» Task instructions
What you return should be the complete data below, word for word, with no pictures in it.

» Data extract
****

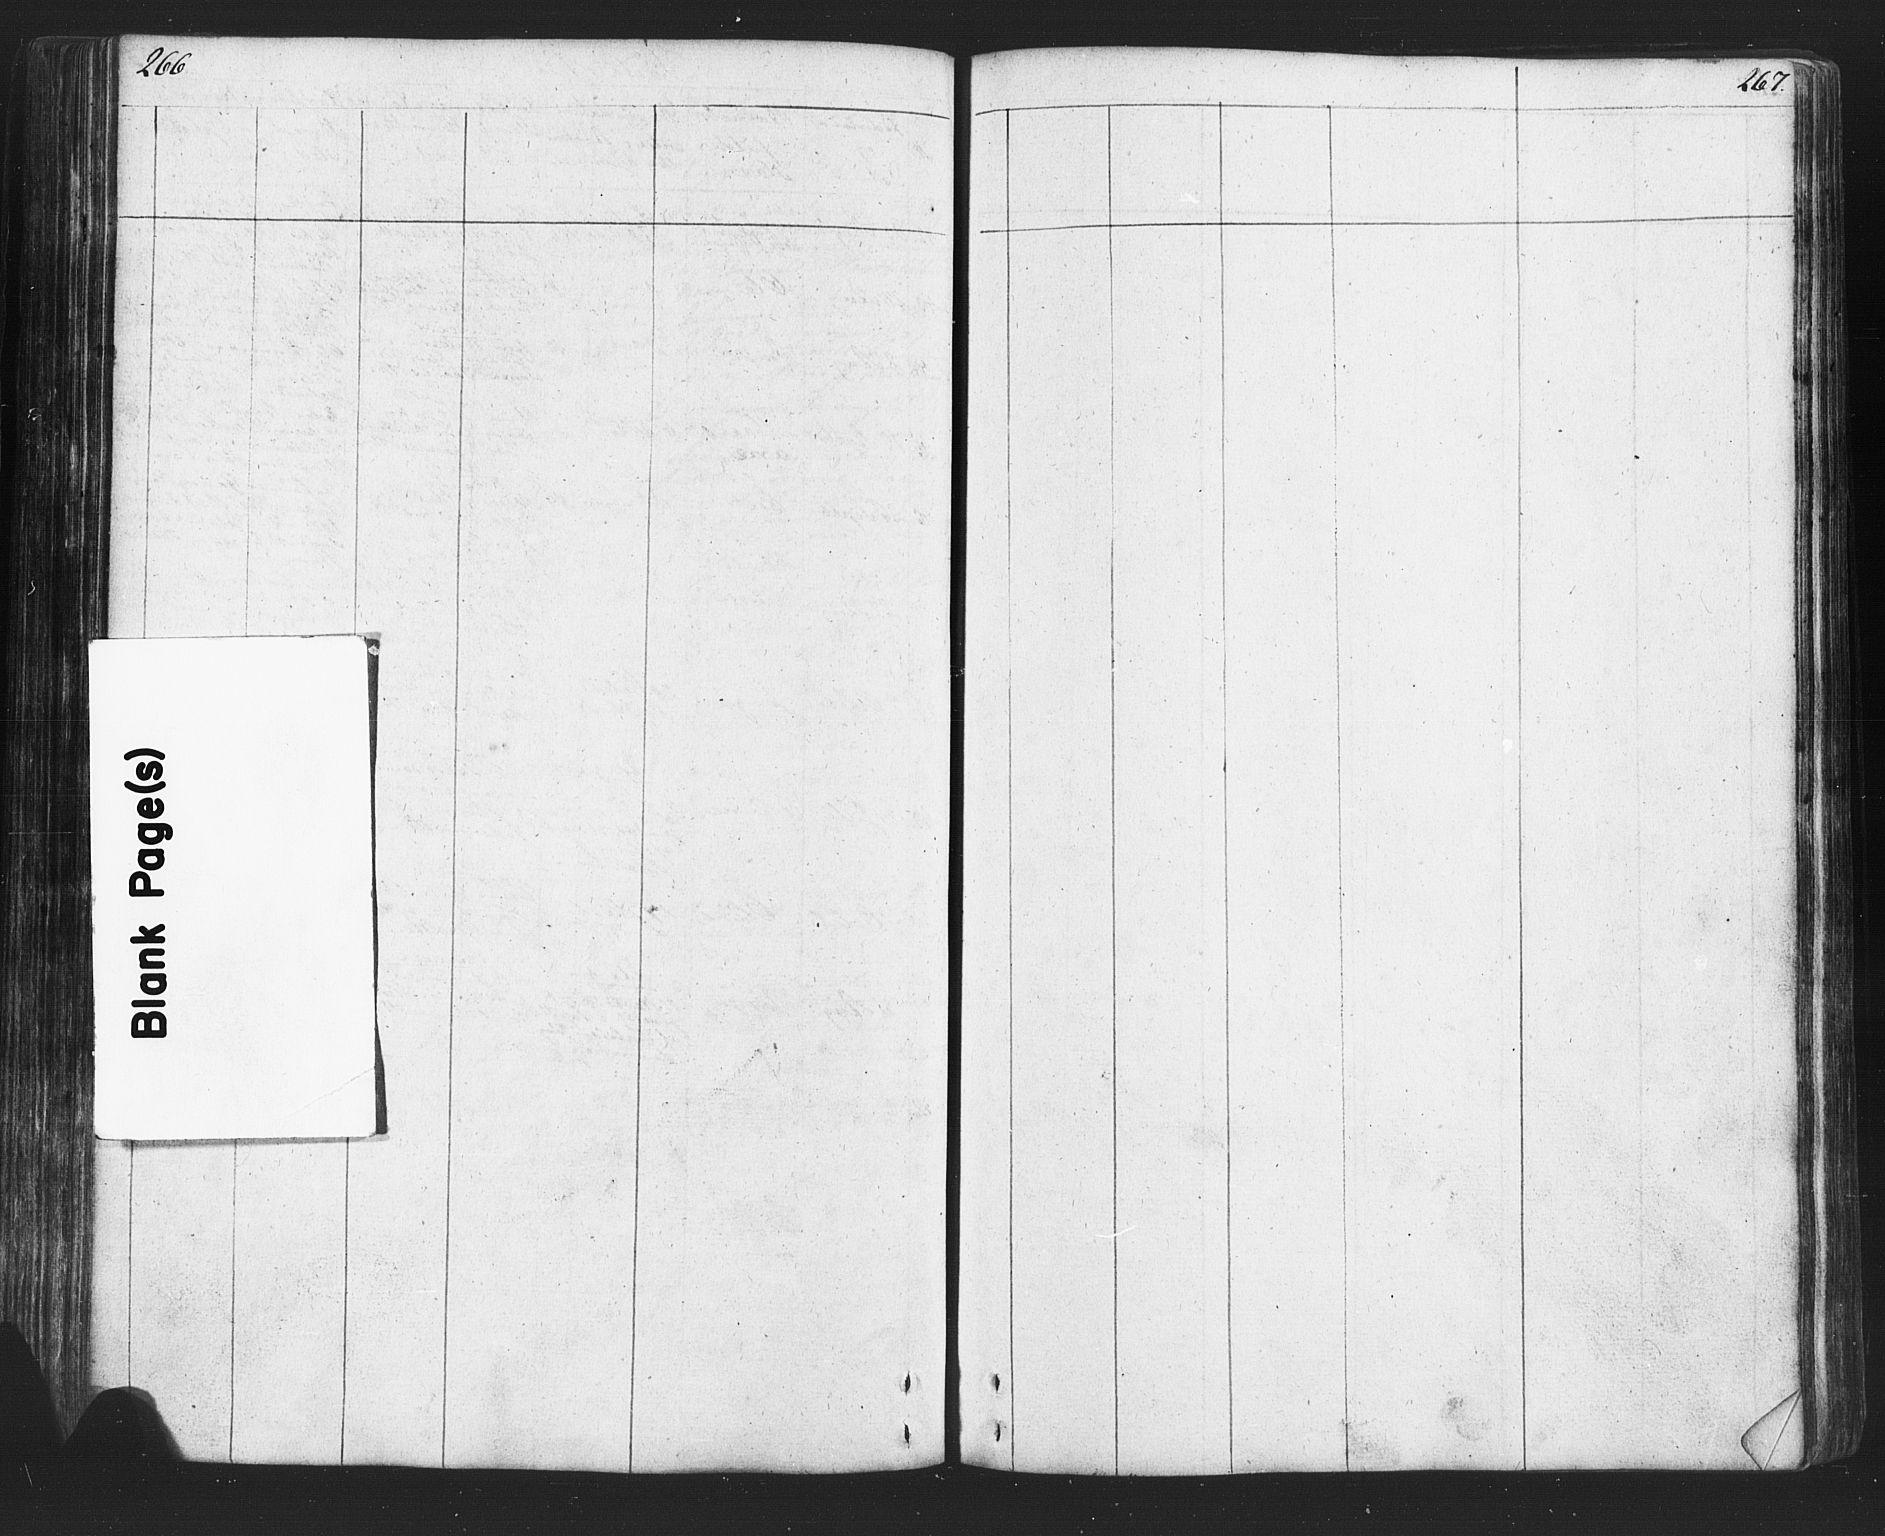 SAH, Lesja prestekontor, Klokkerbok nr. 2, 1832-1850, s. 266-267
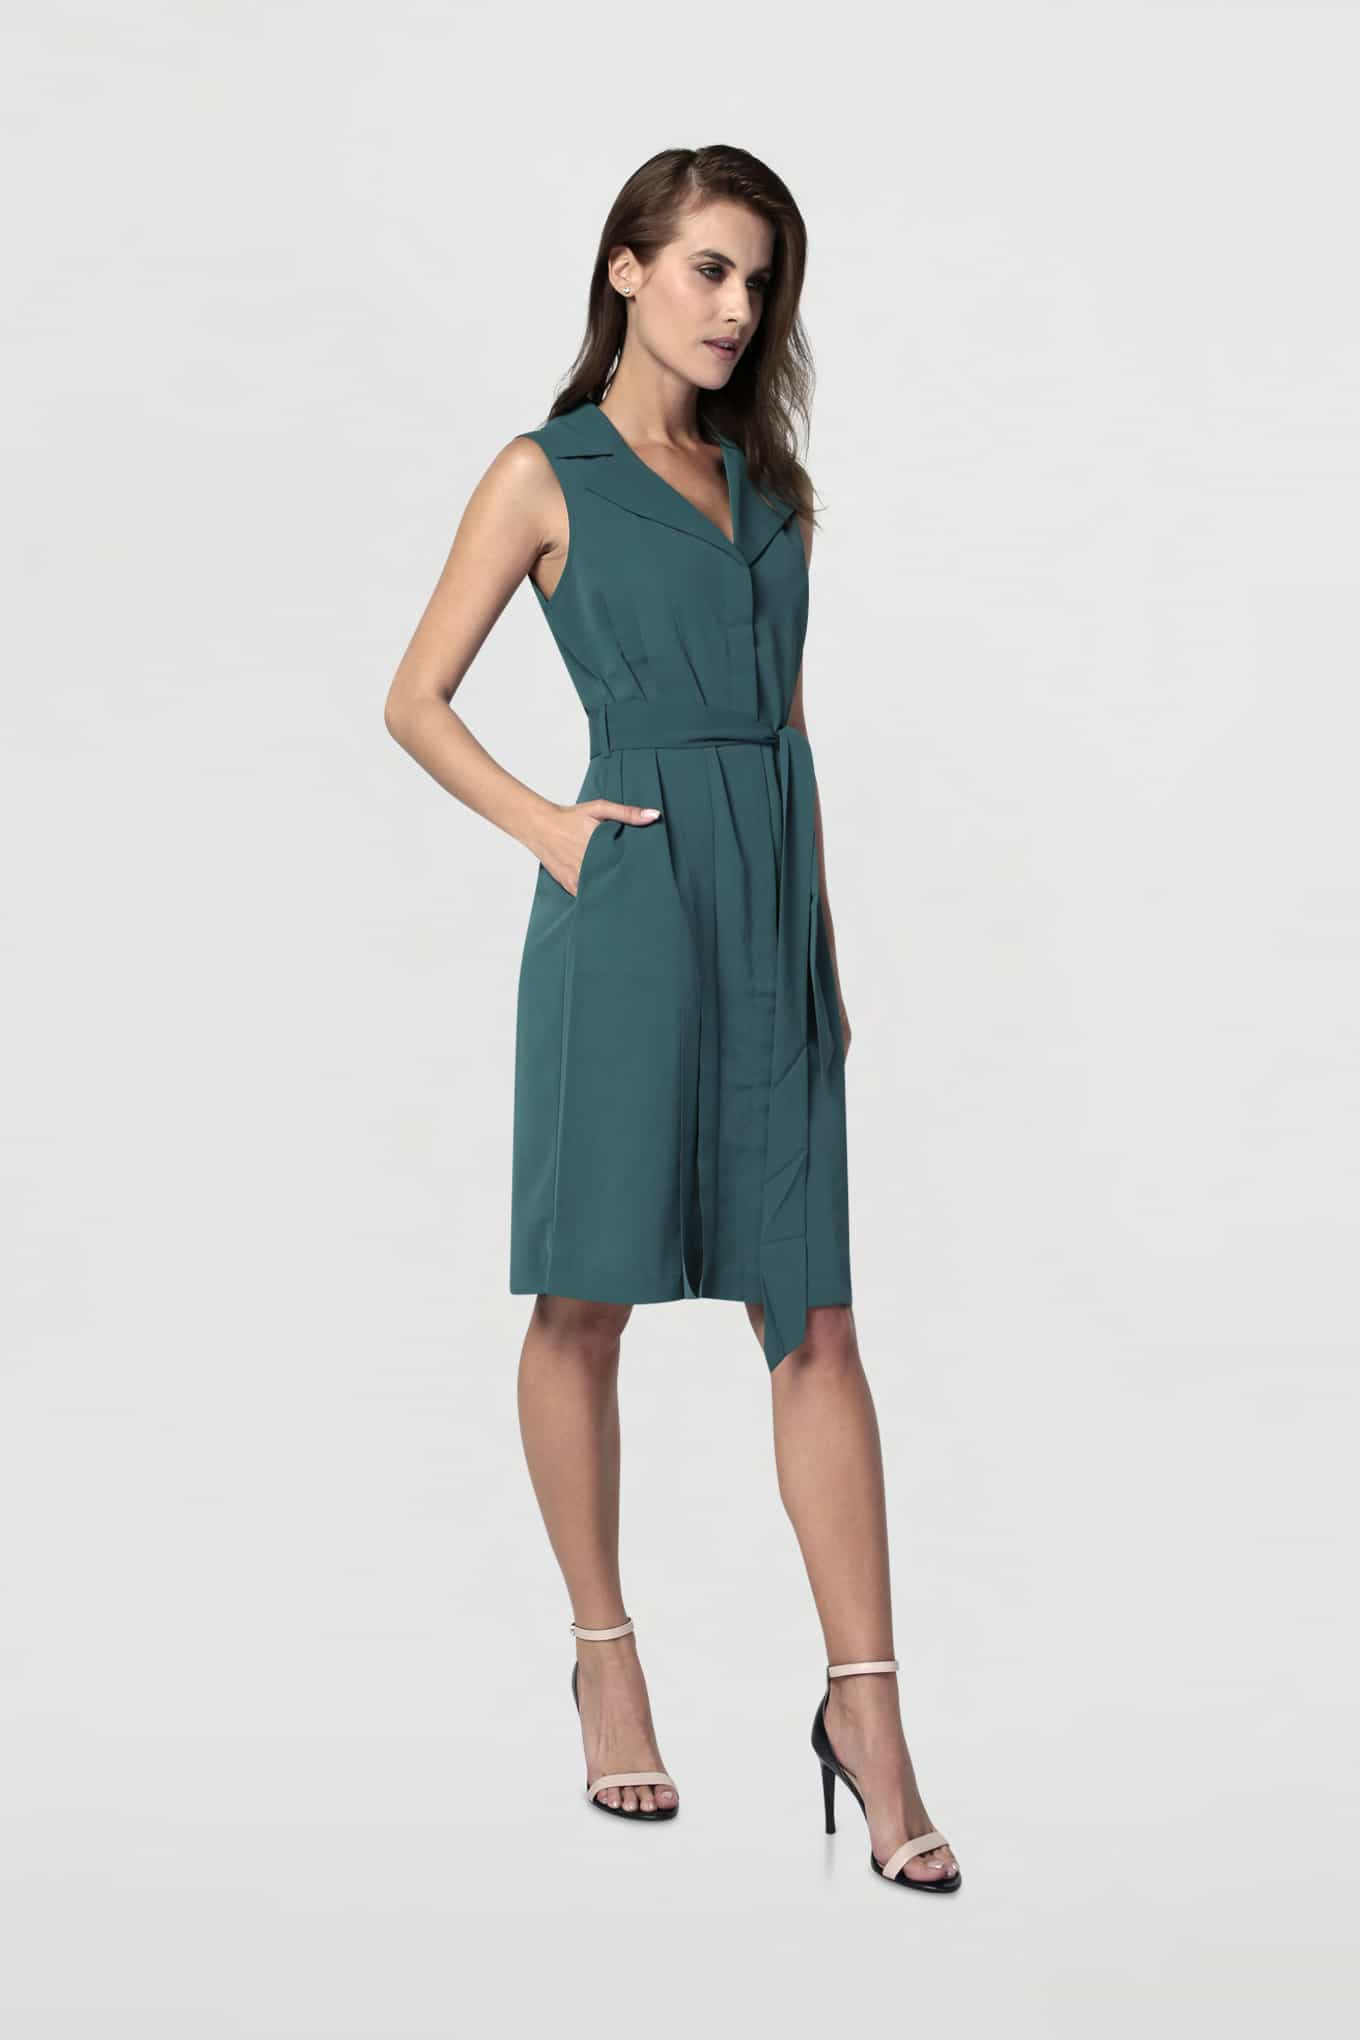 Dress Green Fantasy Woman
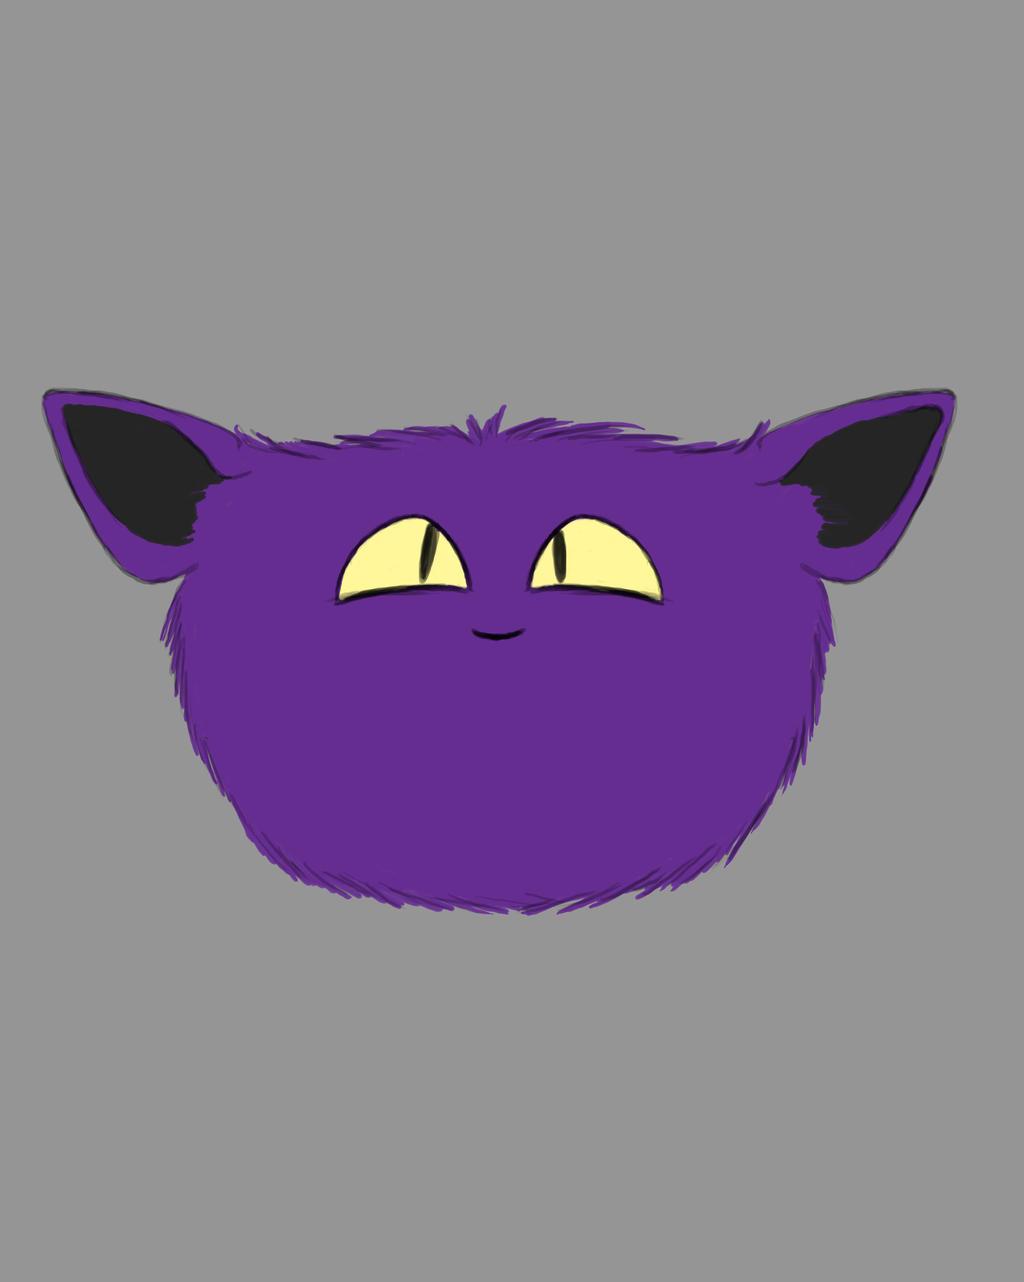 Purple Fluff Daily sketch #662 by GothicVampireFreak

****

» Reply to the task
 SAH, Lesja prestekontor, Klokkerbok nr. 2, 1832-1850, s. 266-267
 Dress Green Fantasy Woman
 Purple Fluff Daily sketch #662 by GothicVampireFreak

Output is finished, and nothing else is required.